De volgende argumenten zijn aangevoerd:
- het onderzoek heeft een aanvang genomen in België;
- het bewijs bevindt zich in België;
- de medeverdachten worden vervolgd/zijn veroordeeld in België;
- de verdovende middelen zijn om te beginnen in België ingevoerd waardoor met name de rechtsorde in België is geschokt;
Gelet op de door de officier van justitie aangevoerde argumenten heeft zij naar het oordeel van de rechtbank in redelijkheid tot haar vordering kunnen komen. Om die reden moet van bedoelde weigeringsgrond worden afgezien.

7.Beslag

De opgeëiste persoon heeft ter zitting desgevraagd medegedeeld dat er geen telefoons in beslag zijn genomen.
De officier van justitie heeft te kennen gegeven dat geen stukken met betrekking tot beslag voorhanden zijn.
Op de grond dat zich ook geen stukken betreffende eventueel in beslag genomen goederen in het dossier bevinden, zal de rechtbank zich onthouden van het nemen van een beslissing daarover.

8.Slotsom

Nu is vastgesteld dat het EAB voldoet aan de eisen van artikel 2 OLW en ook overigens geen weigeringsgronden aan de overlevering in de weg staan, dient de overlevering te worden toegestaan.

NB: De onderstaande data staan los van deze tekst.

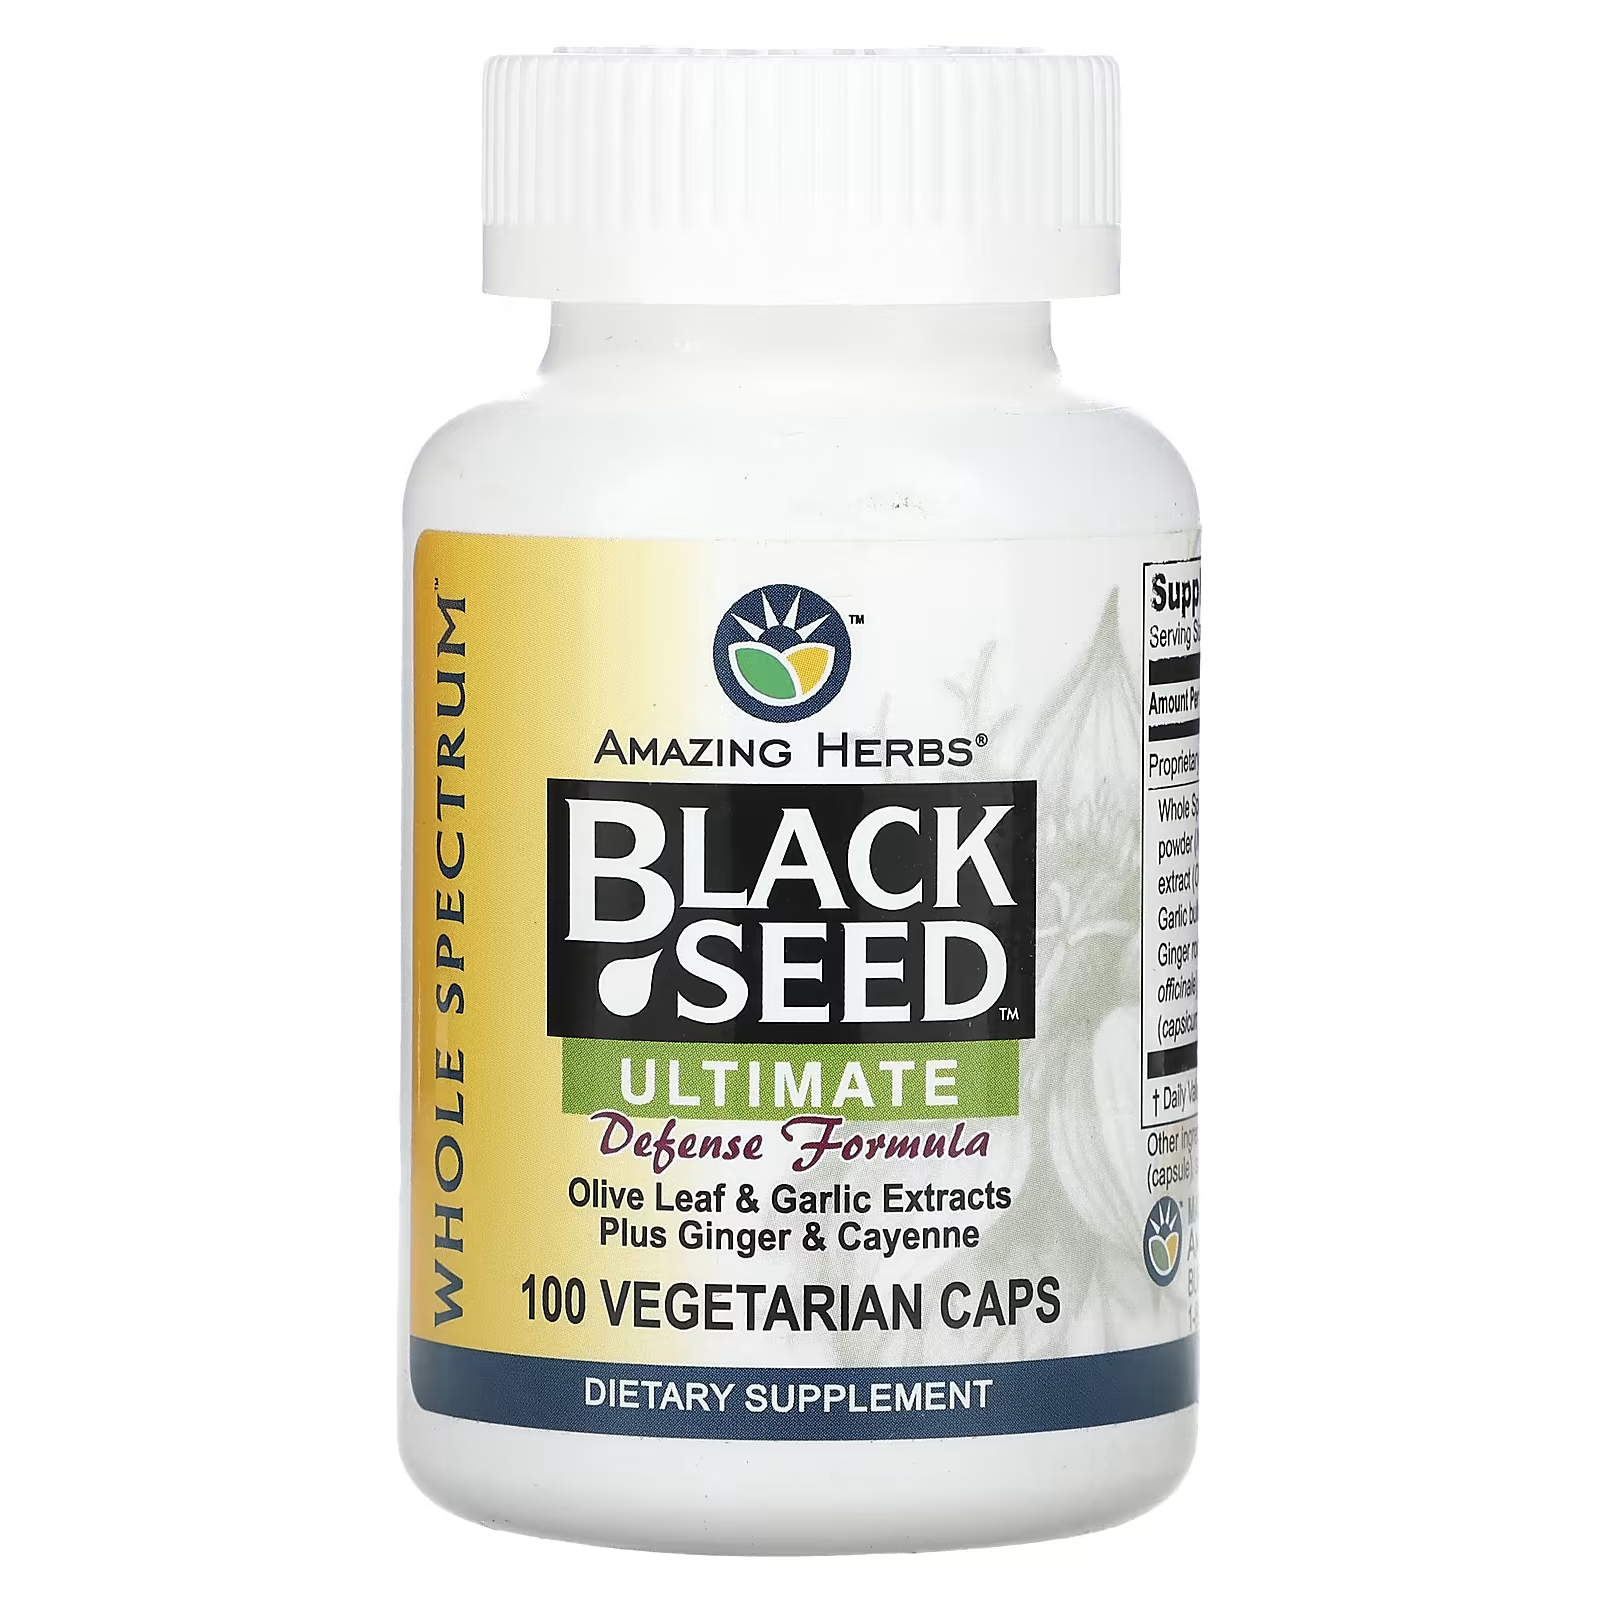 amazing herbs black seed original plain 100 вегетарианских капсул Пищевая добавка Amazing Herbs Black Seed Ultimate Defense Formula, 100 капсул

9.Toepasselijke wetsartikelen

De artikelen 47, 140 Wetboek van Strafrecht, 2, 10 Opiumwet en 2, 5, 6 en 7 OLW.

10.Beslissing

STAAT TOEde overlevering van
[opgeëiste persoon]aan de onderzoeksrechter in de Nederlandstalige rechtbank van eerste aanleg Brussel (België).
Aldus gedaan door
mr. Ch.A. van Dijk, voorzitter,
mrs. R. Godthelp en T.B. Trotman, rechters,
in tegenwoordigheid van R. Rog, griffier,
en uitgesproken ter openbare zitting van 29 oktober 2019.
De jongste rechter is buiten staat te tekenen.
Ingevolge artikel 29, tweede lid, OLW staat tegen deze uitspraak geen gewoon rechtsmiddel open.